Porque ésa es otra apuesta de Gibson: mostrar la banalidad en medio de ese encontronazo donde (como decíamos con respecto a Crane) al principio no se ve quién está del otro lado del humo, y cuando silban las balas siempre alguno la liga de refilón, de casualidad, o cae cuando casi se ponía a cubierto, y así... Por lo demás, el relato tiene un crescendo hasta un preclímax, el momento estelar del héroe y un segundo crescendo hacia la toma final de la posición. Es la dinámica de la guerra isleña (asalto, repliegue y nuevo asalto hasta la toma) lo que la emparenta con “La delgada línea roja” y “La conquista del honor”, además de una narrativa visual que nada tiene que envidiarles: al final, la historia del pacifista es una de las más intensas películas bélicas de los últimos tiempos.
El creyente
Andrew Garfield está acostumbrado a interpretar personajes socialmente torpes, así que el tímido pero decidido Doss (que era flaco como él) no le queda nada mal. El carácter bonachón que le imprime construye buenas químicas con sus contrapartes. Como la suculenta Teresa Palmer (una mezcla de Scarlett Scarlett Johansson y Rachel MacAdams), en la piel de Dorothy Schutte, su novia y luego esposa, o Hugo Weaving en una muy lograda actuación como Tom Doss (el padre alcohólico que vio morir a sus amigos en la Primera Guerra). También los convincentes y habitualmente eficientes Sam Worthington (Glover) y Vince Vaughn (Howell), y un interesante Luke Bracey (Smitty), que pasan del desprecio a la admiración. Por ahí también se luce Rachel Griffiths como la sacrificada Bertha, madre del muchacho vuelto hombre.

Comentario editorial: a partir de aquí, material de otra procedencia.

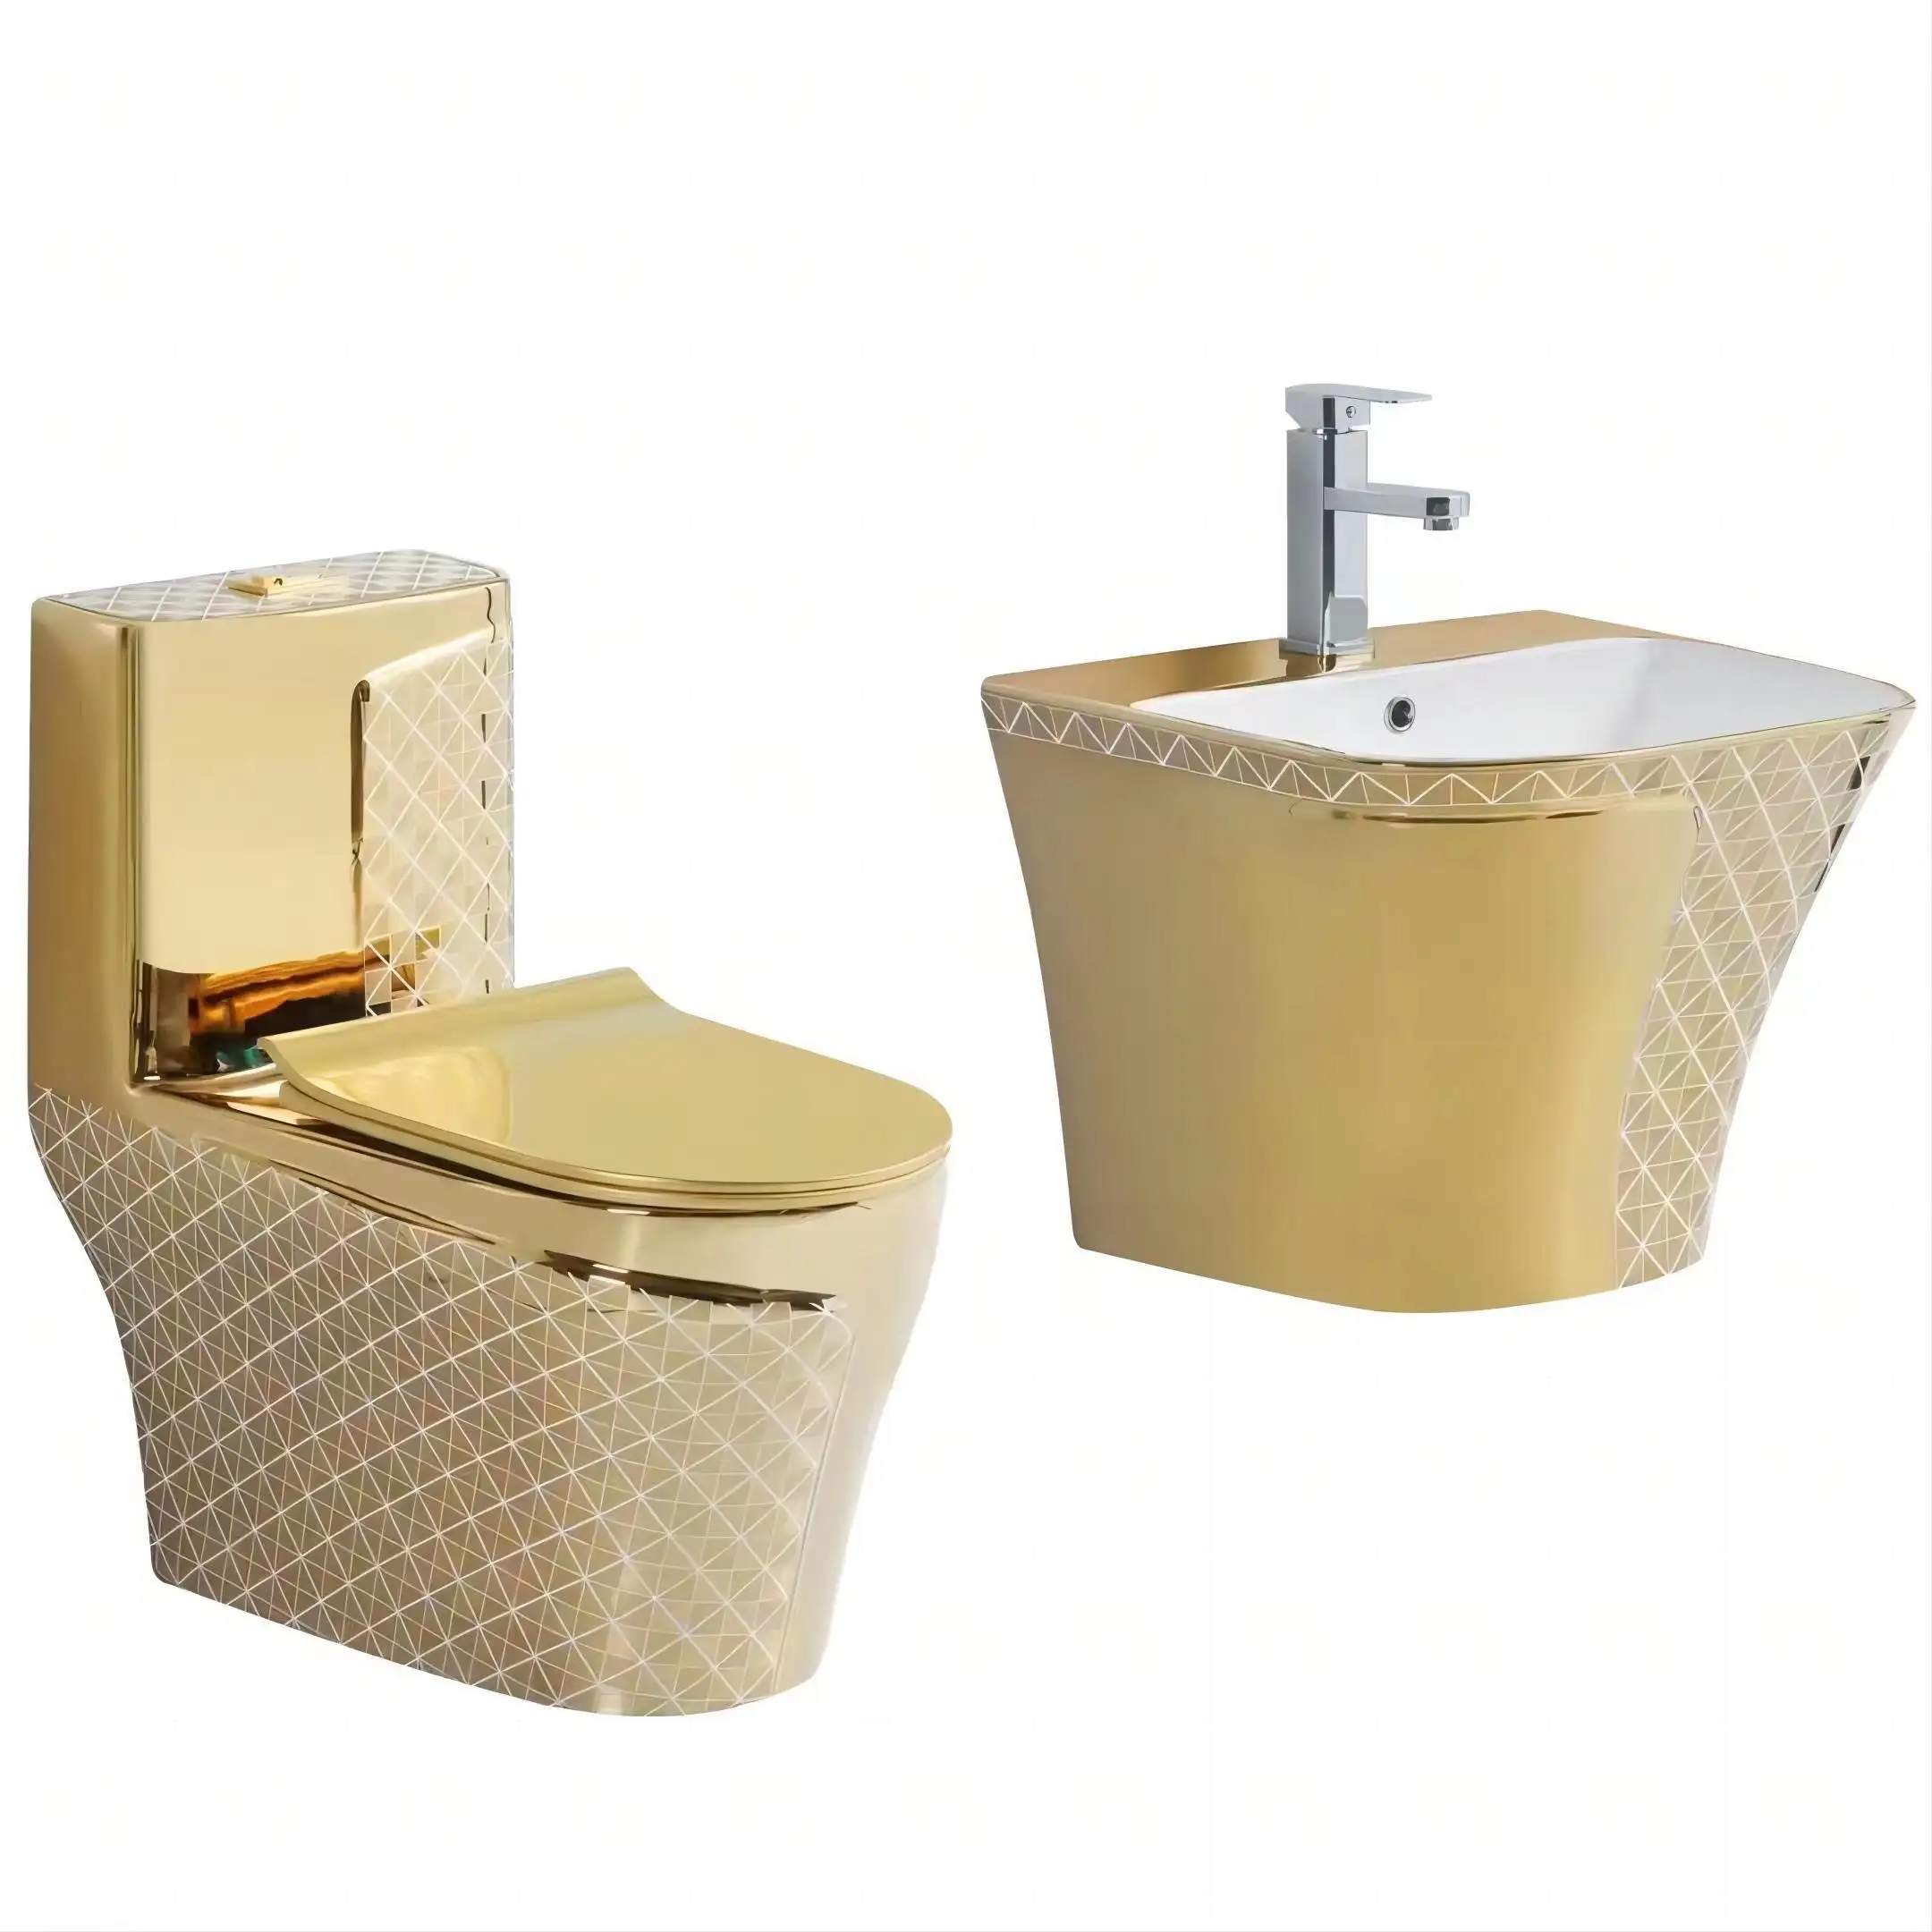 लक्जरी शैली सेनेटरी वेयर फैशन आधुनिक सोना मढ़वाया खड़े हो जाओ सिंक डब्ल्यूसी कटोरा कुरसी बेसिन के साथ बाथरूम चीनी मिट्टी सोना शौचालय सेट

Después hay buena acompañamiento en las participaciones de la soldadesca (Luke Pegler, Richard Pyros, Ben Mingay, Firass Dirani, Jacob Warner, Goran D. Kleut, Harry Greenwood, Damien Thomlinson, Ori Pfeffer), con varios australianos entre ellos: el buen Mel volvió a casa y rodó en Nueva Gales del Sur con algunos connacionales.
Gibson nos da sorpresas, decíamos. Aquí el viejo héroe de acción encuentra al buenazo en medio de la violencia, al creyente entre la desazón, a la paz de espíritu en el corazón de la guerra. Una historia digna de contar.